Work instructions |
Would you please output, word for word, the span of the listing below that opens on the line containing "117 x 97 cm" and closes on the line containing "HP Probook 450"? Include both ends and nothing more.

Given entries |
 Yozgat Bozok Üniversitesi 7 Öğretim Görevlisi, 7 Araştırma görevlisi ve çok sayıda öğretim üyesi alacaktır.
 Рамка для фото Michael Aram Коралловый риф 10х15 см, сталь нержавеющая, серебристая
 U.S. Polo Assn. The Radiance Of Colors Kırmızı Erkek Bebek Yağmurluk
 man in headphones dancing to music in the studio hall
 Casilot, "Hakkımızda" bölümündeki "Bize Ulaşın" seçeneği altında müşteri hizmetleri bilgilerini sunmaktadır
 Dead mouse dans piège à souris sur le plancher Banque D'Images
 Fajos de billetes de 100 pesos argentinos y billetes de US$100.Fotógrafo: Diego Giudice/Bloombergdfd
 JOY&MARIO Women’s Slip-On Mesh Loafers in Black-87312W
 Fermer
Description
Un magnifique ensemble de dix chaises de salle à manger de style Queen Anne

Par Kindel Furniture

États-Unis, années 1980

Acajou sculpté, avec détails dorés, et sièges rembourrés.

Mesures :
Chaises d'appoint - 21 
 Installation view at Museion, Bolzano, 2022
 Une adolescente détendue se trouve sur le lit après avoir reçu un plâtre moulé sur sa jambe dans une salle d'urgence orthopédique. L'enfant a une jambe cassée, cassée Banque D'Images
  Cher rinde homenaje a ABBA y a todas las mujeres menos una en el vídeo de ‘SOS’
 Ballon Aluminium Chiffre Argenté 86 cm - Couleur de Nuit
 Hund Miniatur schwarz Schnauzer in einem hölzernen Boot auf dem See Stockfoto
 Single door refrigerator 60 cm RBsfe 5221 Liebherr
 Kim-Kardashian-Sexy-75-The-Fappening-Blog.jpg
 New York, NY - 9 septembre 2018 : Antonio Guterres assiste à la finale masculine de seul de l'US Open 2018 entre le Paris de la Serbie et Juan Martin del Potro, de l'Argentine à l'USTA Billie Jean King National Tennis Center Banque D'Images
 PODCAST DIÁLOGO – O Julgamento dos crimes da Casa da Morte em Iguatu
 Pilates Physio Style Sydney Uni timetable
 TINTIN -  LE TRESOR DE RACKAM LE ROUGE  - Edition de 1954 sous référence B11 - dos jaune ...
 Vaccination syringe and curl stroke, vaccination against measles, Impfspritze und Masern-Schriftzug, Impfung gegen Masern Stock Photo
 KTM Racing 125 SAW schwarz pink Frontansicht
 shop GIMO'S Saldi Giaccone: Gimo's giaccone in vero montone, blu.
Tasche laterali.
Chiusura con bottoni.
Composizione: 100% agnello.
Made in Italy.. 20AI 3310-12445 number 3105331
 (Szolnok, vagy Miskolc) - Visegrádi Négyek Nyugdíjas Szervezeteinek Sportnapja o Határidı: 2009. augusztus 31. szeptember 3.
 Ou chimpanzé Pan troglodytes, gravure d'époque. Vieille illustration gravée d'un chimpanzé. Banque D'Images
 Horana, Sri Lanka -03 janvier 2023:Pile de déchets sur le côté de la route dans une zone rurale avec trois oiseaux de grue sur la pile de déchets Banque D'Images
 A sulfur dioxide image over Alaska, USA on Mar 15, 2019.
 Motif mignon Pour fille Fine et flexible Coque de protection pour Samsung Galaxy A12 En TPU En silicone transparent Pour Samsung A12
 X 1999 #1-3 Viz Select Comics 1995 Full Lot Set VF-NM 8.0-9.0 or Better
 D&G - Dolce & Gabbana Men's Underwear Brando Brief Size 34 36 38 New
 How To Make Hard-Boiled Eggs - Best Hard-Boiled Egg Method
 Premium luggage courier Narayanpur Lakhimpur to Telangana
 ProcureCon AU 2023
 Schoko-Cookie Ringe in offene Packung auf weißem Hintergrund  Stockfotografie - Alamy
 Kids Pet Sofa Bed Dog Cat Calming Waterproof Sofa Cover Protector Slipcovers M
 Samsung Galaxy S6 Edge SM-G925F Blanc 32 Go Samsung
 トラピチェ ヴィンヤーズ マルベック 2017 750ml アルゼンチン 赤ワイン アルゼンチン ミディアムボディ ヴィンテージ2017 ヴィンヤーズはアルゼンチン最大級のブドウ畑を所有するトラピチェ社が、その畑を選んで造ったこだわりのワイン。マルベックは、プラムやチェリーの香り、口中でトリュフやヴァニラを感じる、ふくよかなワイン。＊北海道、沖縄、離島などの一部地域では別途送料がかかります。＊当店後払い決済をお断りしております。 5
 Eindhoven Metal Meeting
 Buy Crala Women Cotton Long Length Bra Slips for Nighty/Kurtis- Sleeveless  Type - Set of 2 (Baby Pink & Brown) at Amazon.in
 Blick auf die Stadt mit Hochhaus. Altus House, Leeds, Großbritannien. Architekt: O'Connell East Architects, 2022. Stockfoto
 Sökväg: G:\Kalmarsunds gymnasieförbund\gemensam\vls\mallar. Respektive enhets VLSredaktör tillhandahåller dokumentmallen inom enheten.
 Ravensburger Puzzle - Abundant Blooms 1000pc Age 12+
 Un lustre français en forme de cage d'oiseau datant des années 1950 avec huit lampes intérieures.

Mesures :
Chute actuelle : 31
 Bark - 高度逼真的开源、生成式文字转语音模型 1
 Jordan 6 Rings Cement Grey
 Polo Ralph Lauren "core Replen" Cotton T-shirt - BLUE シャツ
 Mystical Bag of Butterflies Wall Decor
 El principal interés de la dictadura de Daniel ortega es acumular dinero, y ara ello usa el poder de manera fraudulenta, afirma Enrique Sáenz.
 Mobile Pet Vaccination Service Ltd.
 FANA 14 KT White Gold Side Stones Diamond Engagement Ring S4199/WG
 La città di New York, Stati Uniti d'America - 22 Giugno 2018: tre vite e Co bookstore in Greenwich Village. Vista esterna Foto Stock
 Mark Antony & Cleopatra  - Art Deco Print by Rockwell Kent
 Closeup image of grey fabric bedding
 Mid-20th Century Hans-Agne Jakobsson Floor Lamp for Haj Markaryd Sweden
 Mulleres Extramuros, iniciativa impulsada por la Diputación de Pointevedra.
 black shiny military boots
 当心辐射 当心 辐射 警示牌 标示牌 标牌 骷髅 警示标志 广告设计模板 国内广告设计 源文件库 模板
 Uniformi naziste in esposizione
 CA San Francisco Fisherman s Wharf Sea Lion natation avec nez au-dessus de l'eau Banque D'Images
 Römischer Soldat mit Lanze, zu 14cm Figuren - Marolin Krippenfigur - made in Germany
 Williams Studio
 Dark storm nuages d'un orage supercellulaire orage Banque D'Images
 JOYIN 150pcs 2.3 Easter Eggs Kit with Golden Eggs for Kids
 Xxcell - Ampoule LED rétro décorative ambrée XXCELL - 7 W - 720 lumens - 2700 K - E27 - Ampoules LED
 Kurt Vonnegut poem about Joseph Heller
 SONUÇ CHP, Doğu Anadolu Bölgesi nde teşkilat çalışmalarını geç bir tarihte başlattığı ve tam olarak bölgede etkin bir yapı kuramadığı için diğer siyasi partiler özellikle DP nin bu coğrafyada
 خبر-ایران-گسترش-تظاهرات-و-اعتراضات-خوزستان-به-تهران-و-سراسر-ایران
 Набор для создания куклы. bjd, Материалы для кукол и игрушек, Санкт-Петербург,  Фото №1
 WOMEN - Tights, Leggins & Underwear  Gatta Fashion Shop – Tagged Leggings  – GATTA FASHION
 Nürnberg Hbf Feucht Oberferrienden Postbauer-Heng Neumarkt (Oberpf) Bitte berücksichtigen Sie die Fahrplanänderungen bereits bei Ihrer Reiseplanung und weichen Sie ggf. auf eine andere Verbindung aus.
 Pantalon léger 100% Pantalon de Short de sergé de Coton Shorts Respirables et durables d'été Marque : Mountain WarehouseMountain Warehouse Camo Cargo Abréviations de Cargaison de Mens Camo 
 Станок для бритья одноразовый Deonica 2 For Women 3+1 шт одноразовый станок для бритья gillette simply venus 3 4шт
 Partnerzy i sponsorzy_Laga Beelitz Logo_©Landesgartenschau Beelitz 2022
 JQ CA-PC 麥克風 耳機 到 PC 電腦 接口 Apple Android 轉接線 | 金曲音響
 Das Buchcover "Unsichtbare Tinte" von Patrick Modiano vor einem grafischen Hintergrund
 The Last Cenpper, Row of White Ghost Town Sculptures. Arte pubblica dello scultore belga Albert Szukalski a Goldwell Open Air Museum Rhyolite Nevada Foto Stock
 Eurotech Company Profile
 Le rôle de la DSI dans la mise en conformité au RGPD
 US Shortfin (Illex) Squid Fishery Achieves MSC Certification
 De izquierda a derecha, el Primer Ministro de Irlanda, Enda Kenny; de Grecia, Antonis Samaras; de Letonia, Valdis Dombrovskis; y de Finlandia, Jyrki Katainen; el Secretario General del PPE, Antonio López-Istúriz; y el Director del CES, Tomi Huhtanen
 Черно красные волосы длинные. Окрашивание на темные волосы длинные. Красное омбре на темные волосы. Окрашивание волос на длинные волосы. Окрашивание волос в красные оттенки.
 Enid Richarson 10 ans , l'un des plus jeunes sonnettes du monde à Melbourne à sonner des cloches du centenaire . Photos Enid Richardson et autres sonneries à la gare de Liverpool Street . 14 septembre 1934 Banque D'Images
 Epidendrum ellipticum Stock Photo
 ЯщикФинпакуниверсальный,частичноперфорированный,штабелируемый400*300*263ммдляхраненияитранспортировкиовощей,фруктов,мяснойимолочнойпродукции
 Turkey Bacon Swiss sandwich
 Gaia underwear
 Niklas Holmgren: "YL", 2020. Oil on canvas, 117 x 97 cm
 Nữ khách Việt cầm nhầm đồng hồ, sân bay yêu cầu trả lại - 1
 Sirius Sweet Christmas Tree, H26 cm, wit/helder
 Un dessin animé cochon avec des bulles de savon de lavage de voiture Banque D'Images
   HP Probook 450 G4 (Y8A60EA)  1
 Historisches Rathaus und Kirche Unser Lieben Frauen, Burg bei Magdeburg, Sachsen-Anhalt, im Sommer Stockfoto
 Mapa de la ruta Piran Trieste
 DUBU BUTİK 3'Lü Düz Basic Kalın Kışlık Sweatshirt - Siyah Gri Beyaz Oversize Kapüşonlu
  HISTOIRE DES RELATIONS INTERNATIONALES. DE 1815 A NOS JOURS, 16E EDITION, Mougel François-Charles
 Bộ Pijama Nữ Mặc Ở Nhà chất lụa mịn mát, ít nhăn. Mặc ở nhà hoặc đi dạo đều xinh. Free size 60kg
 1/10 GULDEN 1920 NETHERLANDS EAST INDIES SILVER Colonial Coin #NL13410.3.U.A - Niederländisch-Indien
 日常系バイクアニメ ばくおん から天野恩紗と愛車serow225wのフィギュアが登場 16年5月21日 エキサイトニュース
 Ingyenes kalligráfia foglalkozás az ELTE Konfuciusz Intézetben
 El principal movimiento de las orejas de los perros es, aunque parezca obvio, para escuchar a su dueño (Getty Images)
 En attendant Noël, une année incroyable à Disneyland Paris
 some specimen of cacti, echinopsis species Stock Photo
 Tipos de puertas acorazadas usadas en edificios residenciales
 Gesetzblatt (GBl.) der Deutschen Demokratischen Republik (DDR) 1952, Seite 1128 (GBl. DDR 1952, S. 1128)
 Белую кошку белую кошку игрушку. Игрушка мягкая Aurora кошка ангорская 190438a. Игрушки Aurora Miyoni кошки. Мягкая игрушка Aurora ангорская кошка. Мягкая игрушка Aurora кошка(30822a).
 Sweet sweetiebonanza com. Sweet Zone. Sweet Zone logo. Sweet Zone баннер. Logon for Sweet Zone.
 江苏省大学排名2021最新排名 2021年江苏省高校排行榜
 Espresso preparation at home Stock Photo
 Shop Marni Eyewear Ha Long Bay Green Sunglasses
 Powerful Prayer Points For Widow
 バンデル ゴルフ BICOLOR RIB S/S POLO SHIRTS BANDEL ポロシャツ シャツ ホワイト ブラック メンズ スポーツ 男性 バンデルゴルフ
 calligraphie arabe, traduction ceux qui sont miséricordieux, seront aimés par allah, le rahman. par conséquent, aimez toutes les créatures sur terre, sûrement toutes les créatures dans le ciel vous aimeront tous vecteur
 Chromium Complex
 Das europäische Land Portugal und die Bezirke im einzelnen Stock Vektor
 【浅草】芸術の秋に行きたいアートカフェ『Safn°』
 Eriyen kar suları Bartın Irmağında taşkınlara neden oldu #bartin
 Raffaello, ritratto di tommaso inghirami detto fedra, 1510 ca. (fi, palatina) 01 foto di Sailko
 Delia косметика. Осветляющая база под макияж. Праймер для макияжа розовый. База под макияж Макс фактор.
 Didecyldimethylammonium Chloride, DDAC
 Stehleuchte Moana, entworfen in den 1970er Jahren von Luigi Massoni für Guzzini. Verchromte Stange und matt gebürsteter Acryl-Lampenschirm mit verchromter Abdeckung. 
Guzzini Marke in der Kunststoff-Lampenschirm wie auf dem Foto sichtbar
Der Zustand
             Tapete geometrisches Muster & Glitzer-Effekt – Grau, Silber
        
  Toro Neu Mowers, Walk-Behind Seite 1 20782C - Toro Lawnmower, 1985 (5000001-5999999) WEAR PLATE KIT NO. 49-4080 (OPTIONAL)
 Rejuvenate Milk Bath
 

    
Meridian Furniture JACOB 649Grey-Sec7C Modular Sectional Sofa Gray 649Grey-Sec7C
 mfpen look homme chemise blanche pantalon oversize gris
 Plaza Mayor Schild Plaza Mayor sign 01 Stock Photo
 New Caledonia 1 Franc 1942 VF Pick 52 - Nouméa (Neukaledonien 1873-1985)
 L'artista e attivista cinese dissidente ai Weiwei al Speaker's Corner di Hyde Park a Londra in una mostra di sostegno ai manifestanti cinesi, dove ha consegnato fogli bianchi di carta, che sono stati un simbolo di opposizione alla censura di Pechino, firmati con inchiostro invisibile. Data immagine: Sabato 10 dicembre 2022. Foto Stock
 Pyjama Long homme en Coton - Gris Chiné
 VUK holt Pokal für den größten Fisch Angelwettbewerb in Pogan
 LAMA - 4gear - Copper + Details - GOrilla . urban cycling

Solved exercise |
 Niklas Holmgren: "YL", 2020. Oil on canvas, 117 x 97 cm
 Nữ khách Việt cầm nhầm đồng hồ, sân bay yêu cầu trả lại - 1
 Sirius Sweet Christmas Tree, H26 cm, wit/helder
 Un dessin animé cochon avec des bulles de savon de lavage de voiture Banque D'Images
   HP Probook 450 G4 (Y8A60EA)  1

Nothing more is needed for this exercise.